» **Data records**:
BEGIN

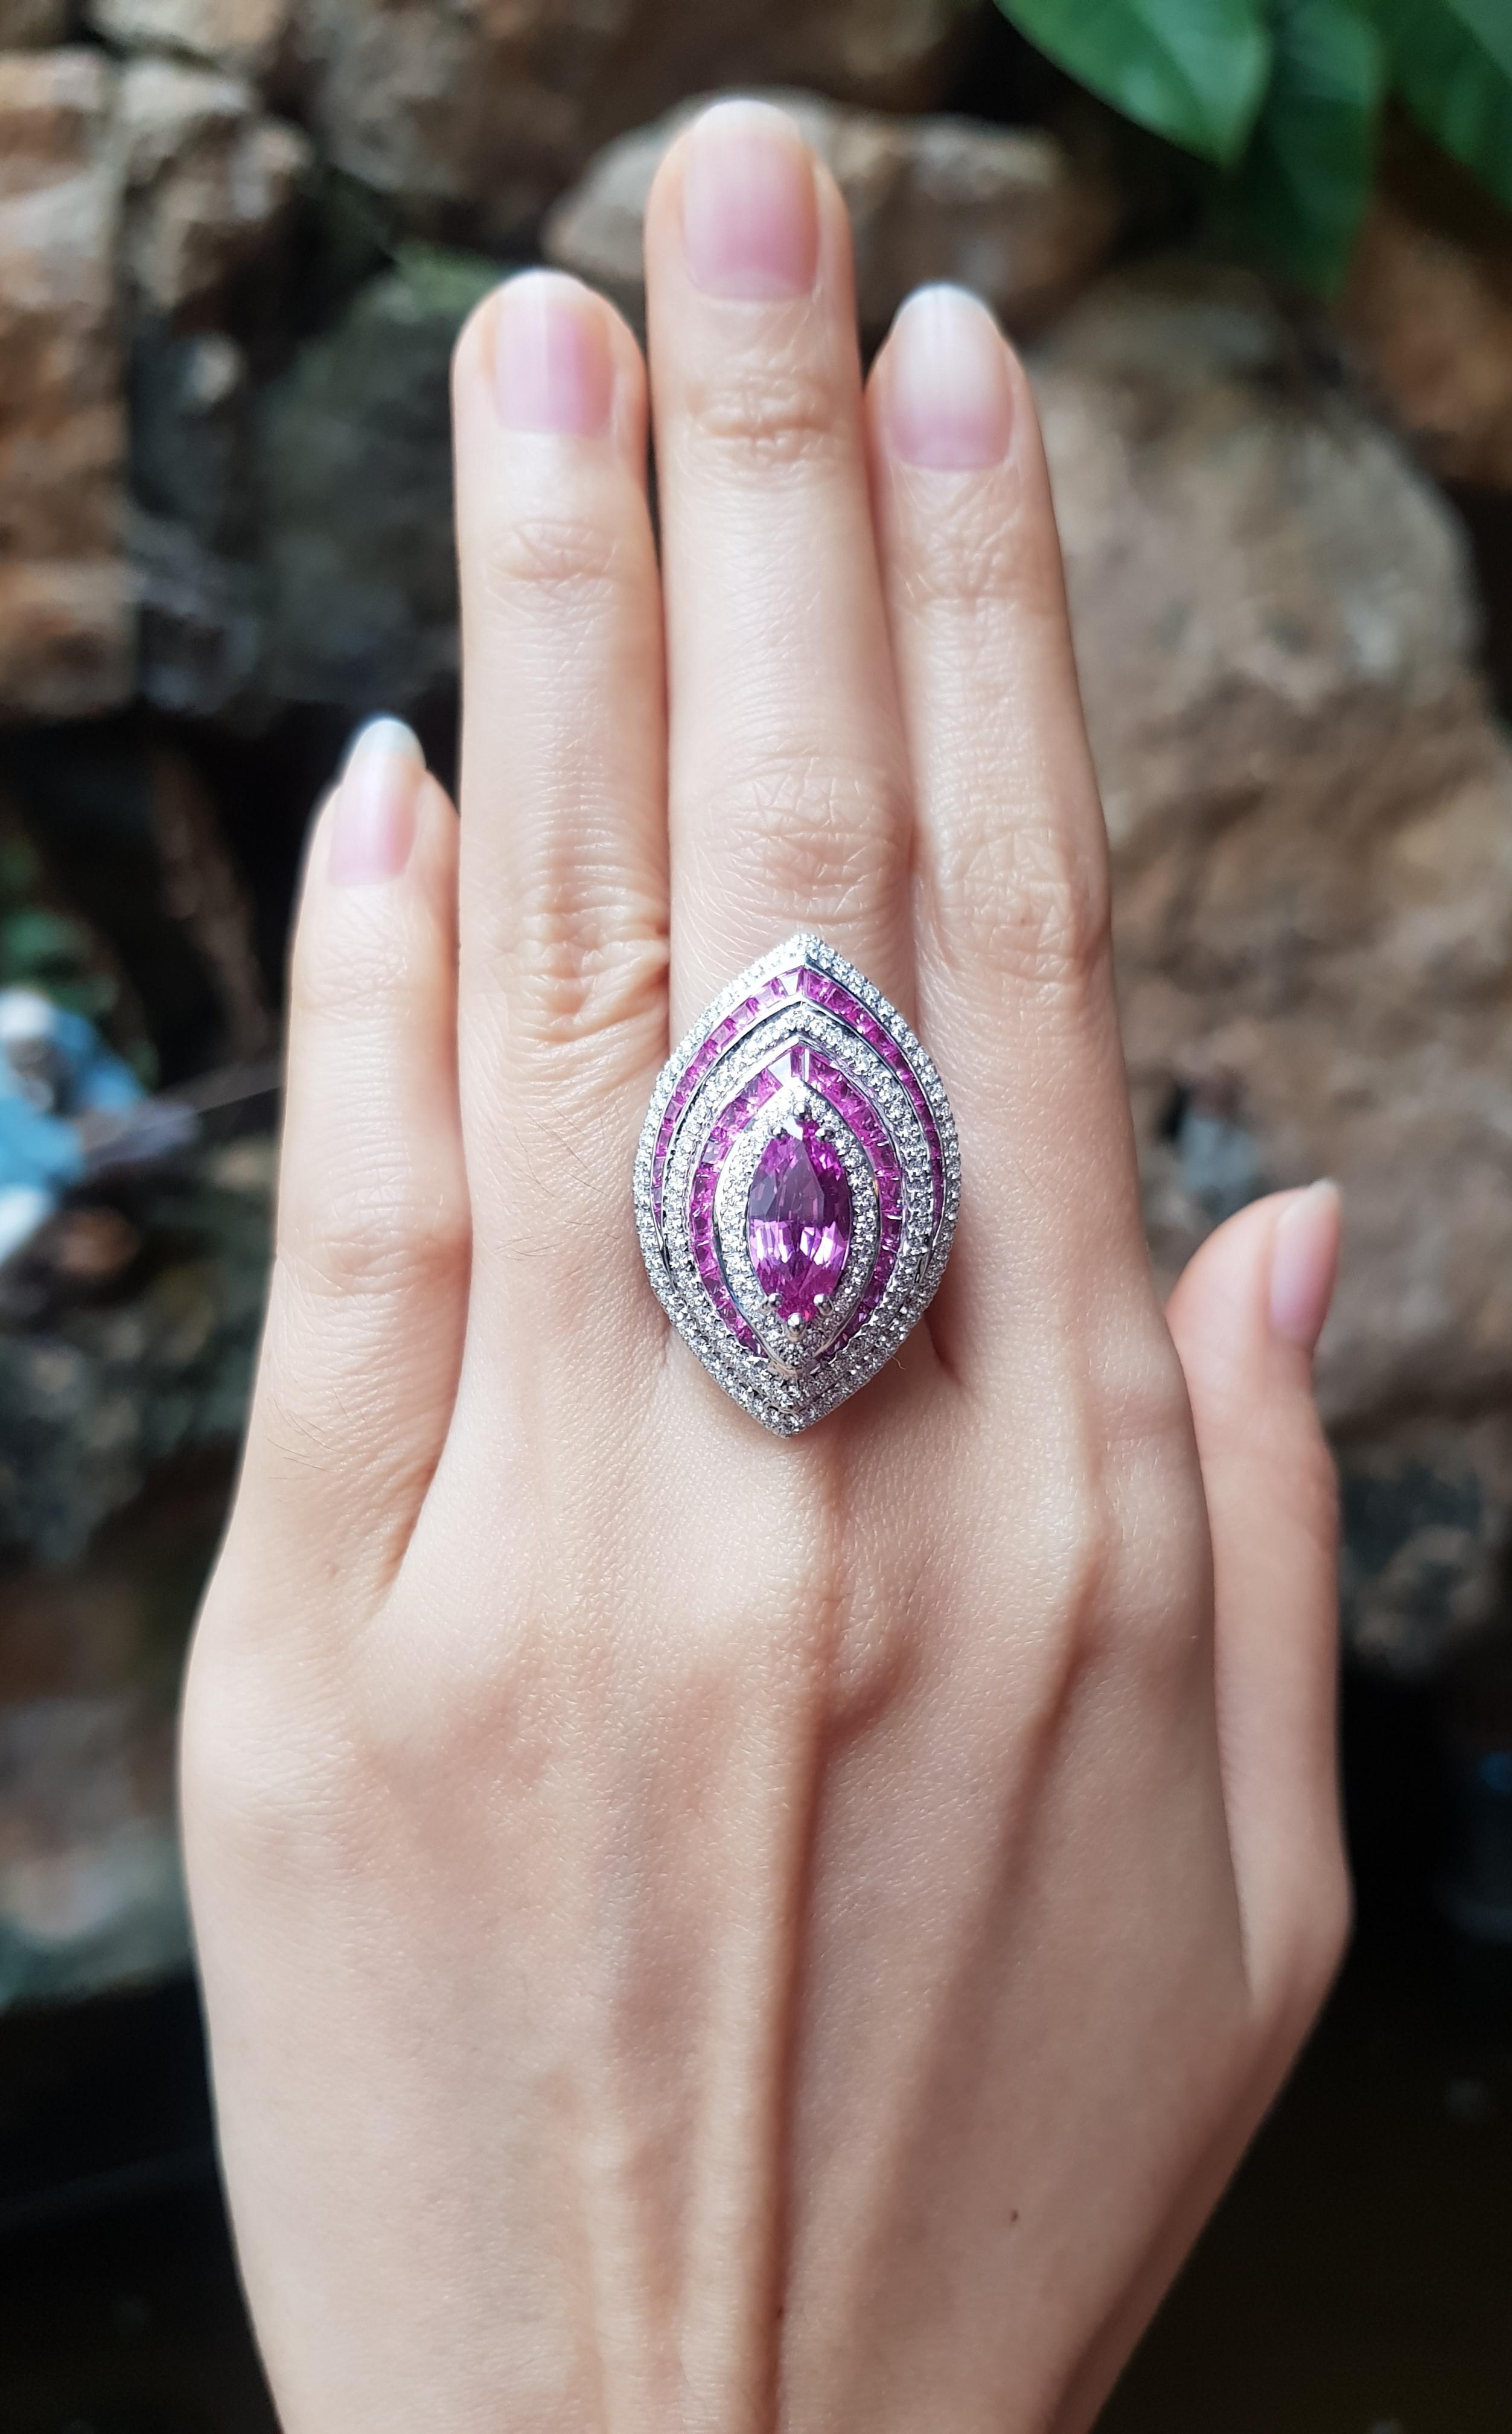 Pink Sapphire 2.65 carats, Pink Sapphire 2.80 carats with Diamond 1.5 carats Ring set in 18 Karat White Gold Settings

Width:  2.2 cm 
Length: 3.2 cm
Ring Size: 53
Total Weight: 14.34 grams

END
BEGIN

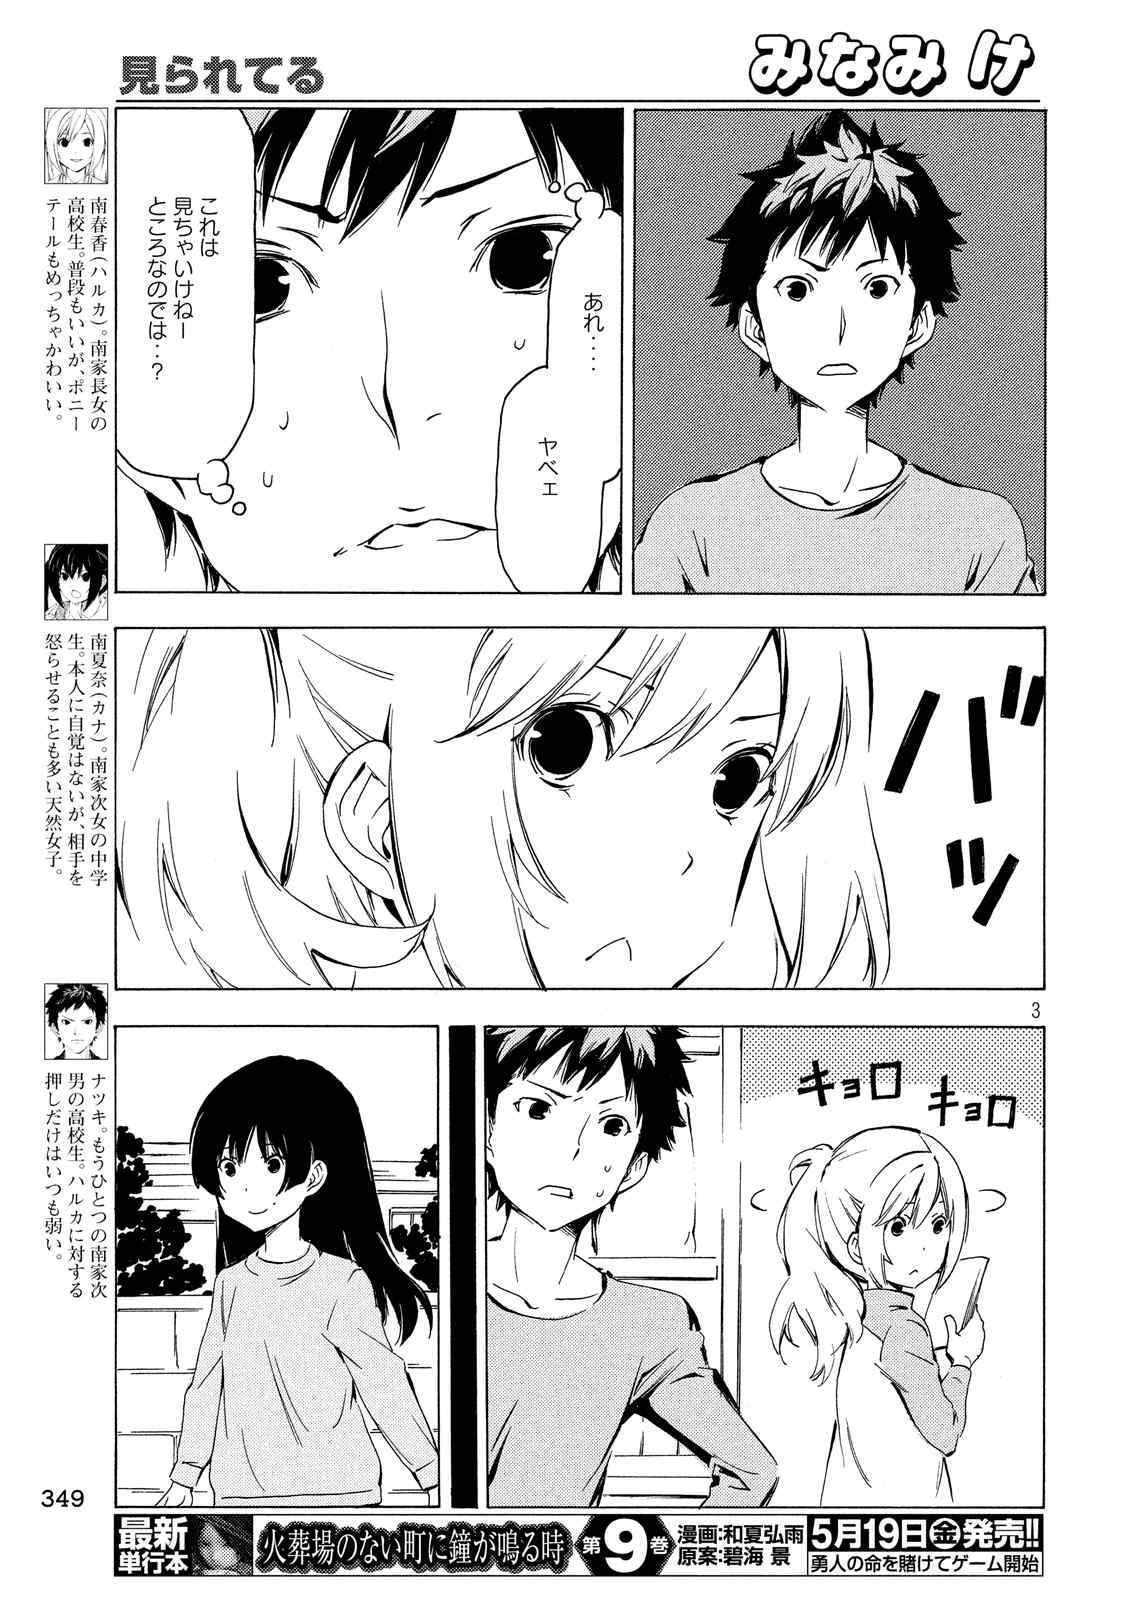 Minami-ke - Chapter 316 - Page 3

END

Using the entries above, write out exactly the lines from the one with "Pink Sapphire 2.65" through the one with "Total Weight: 14.34 grams", ends included. Leave out any pictures.

 Pink Sapphire 2.65 carats, Pink Sapphire 2.80 carats with Diamond 1.5 carats Ring set in 18 Karat White Gold Settings

Width:  2.2 cm 
Length: 3.2 cm
Ring Size: 53
Total Weight: 14.34 grams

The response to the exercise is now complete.